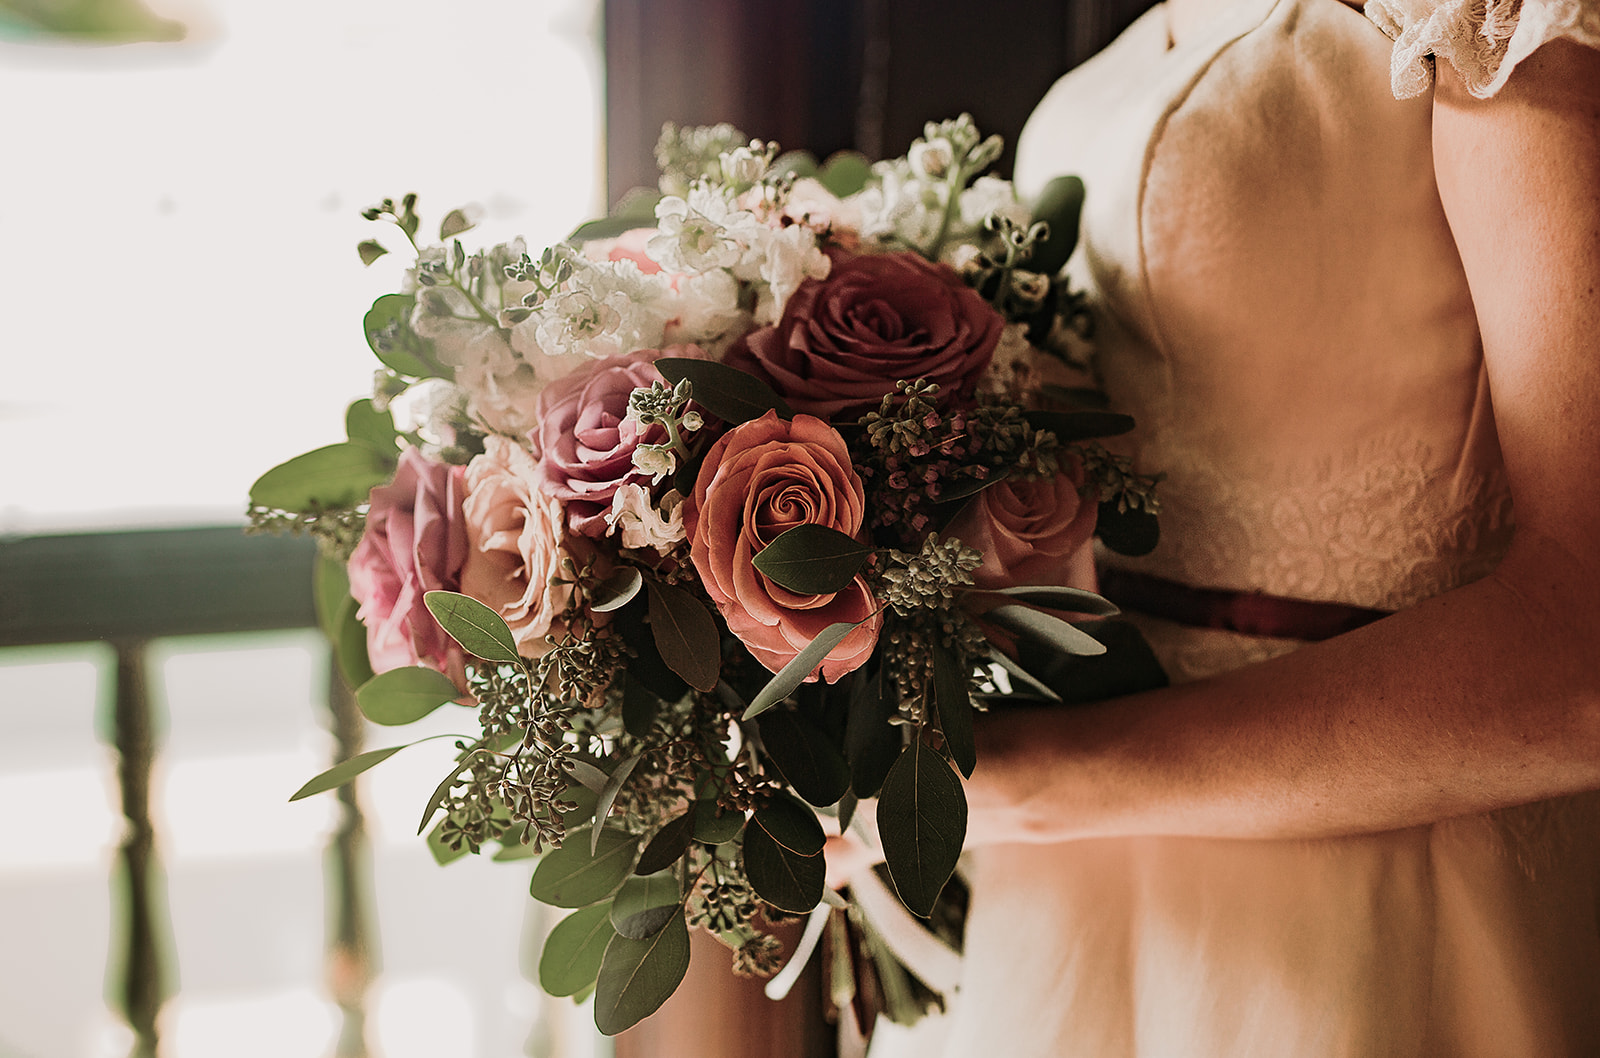 Burgundy & Pink Wedding Bouquet - Vintage
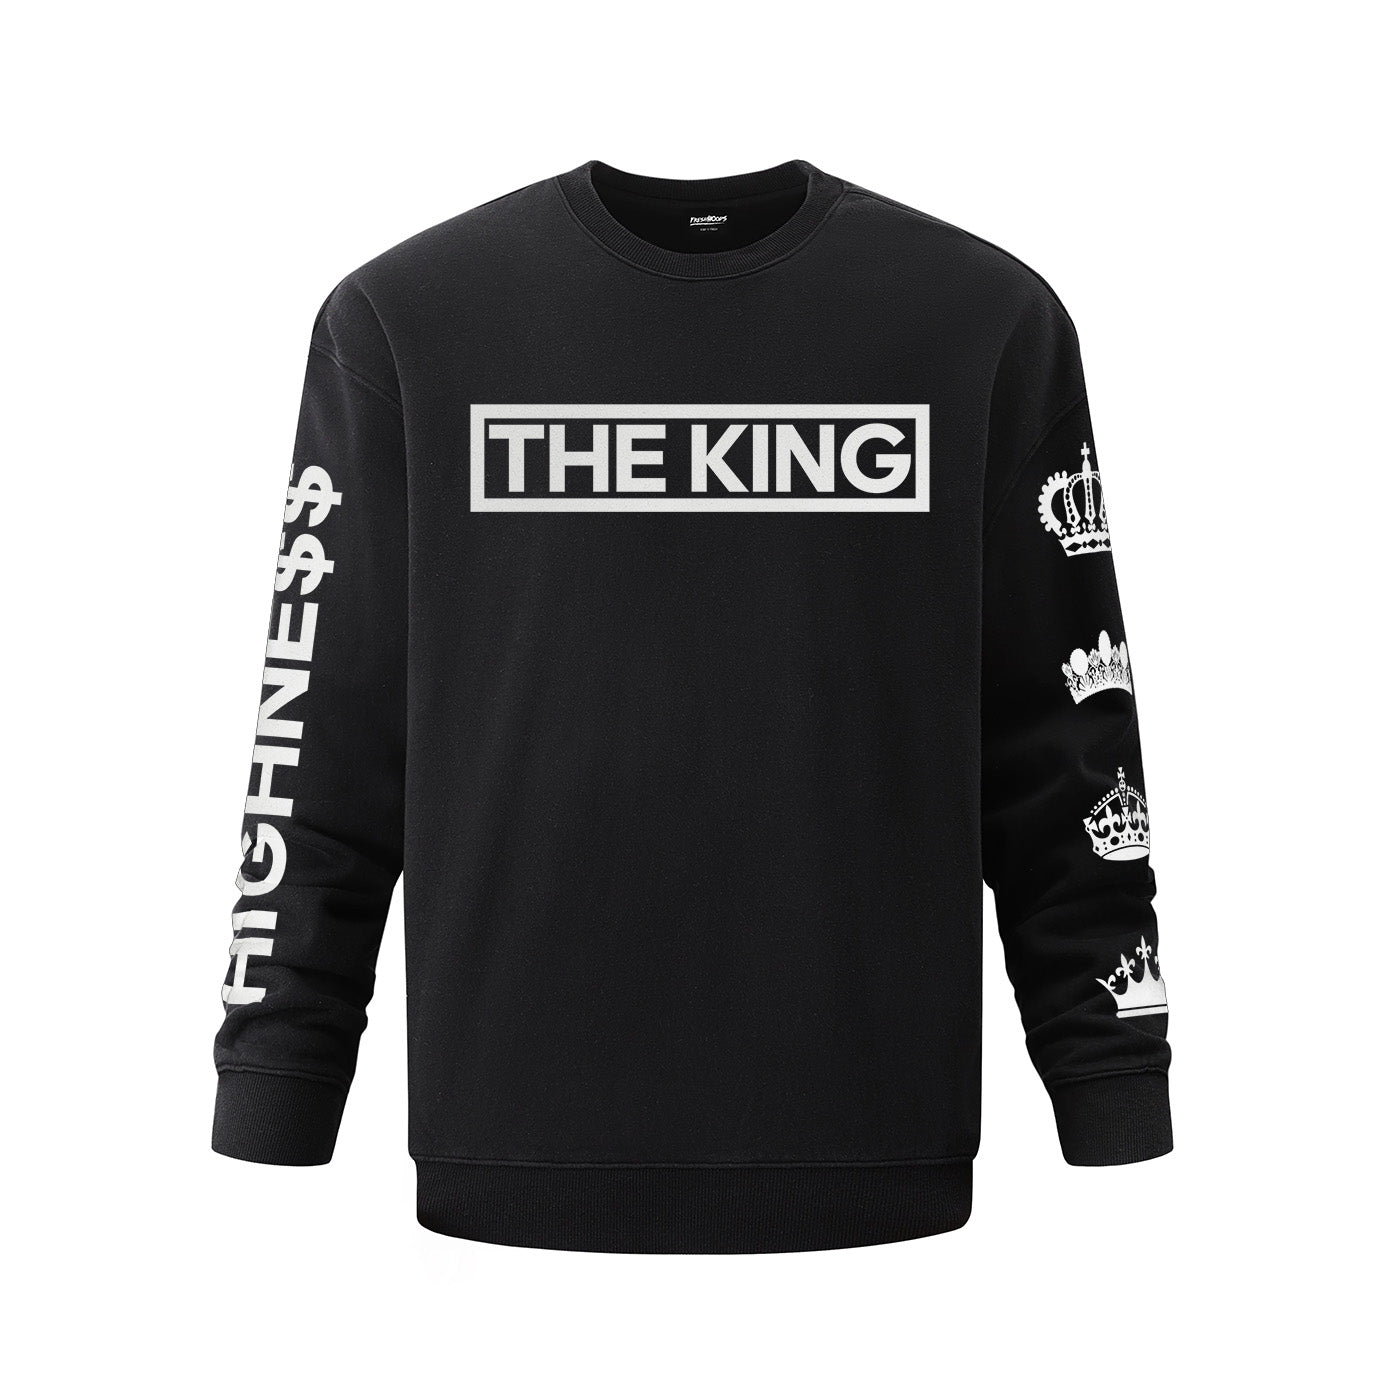 The King Oversized Sweatshirt
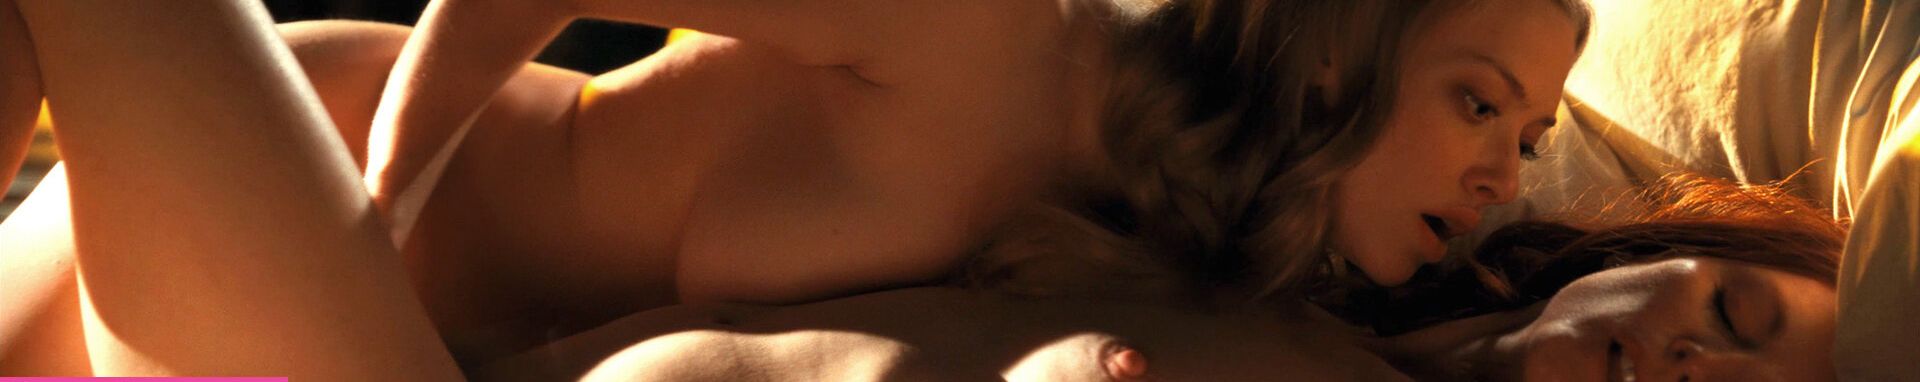 Amanda Seyfried nuda #108036500
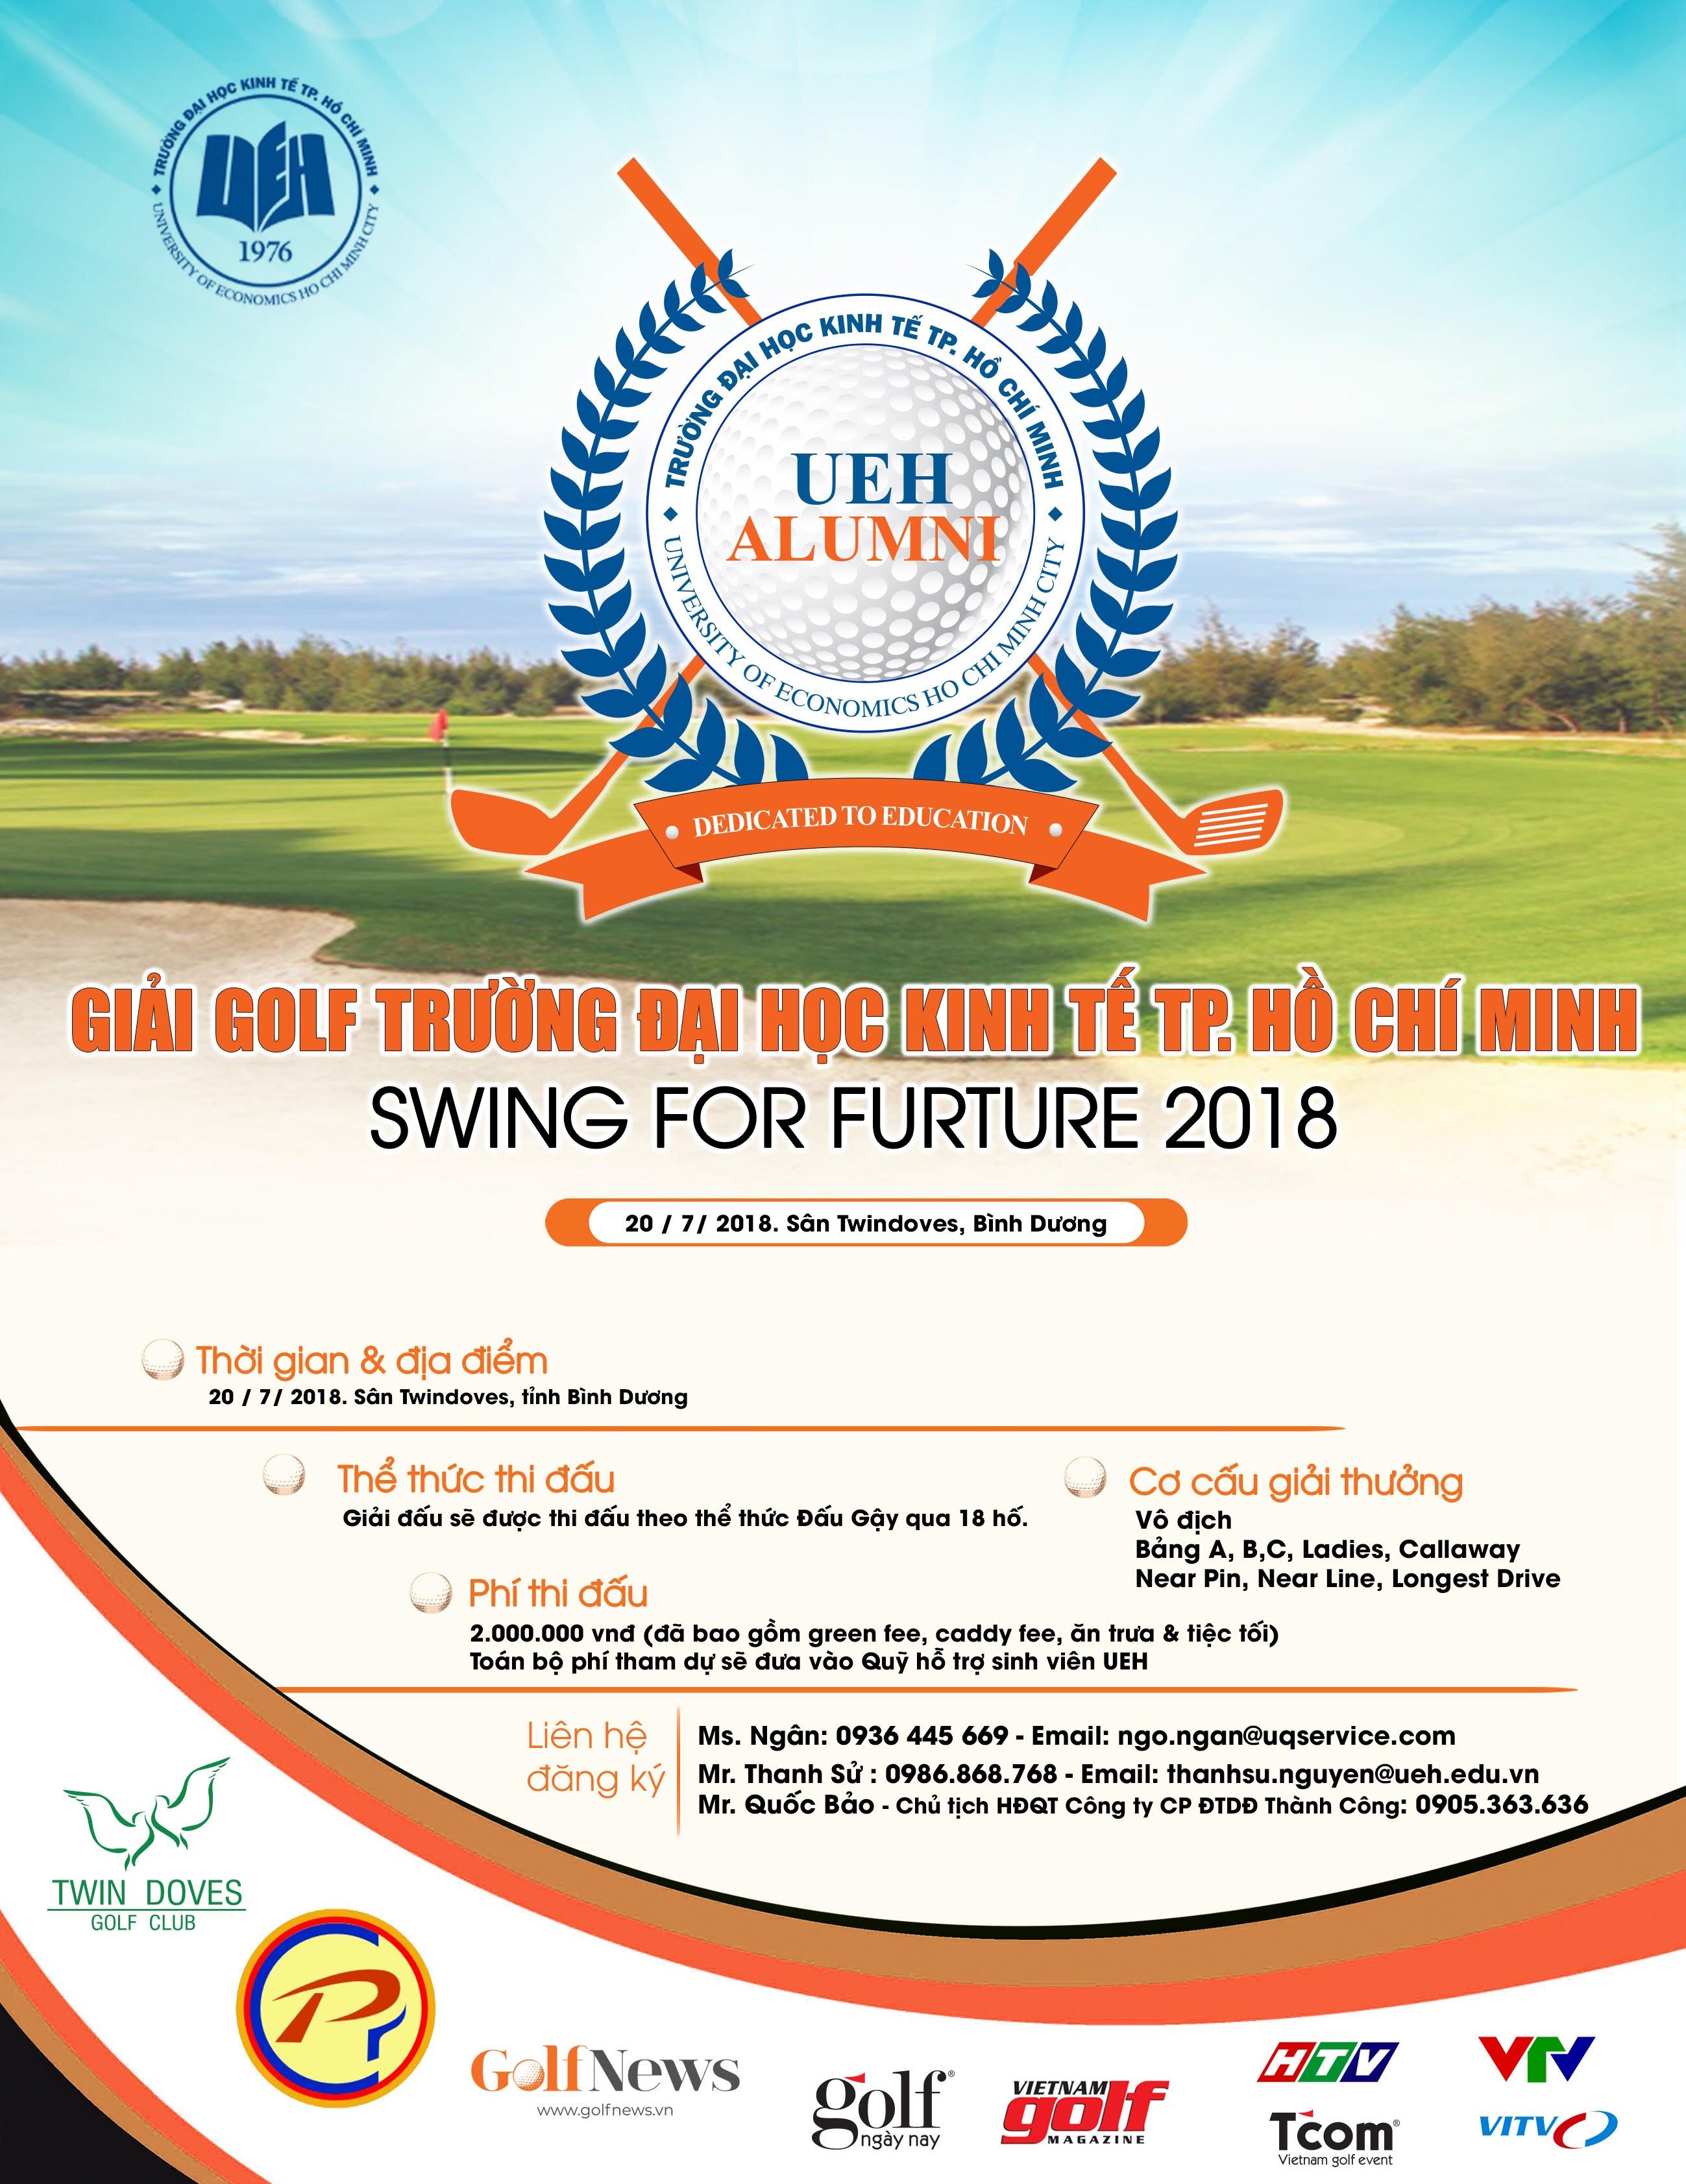 Giải UEH Golf - Swing for Furture 2018 chuẩn bị khởi tranh

_ _ _ _

TO DO:
In the listing above, transcribe exactly the lines from the line containing "Amanda Seyfried nuda #108036500" through the last one, both included, but not the pictures.

TASK RESPONSE:
 Amanda Seyfried nuda #108036500
 Giải UEH Golf - Swing for Furture 2018 chuẩn bị khởi tranh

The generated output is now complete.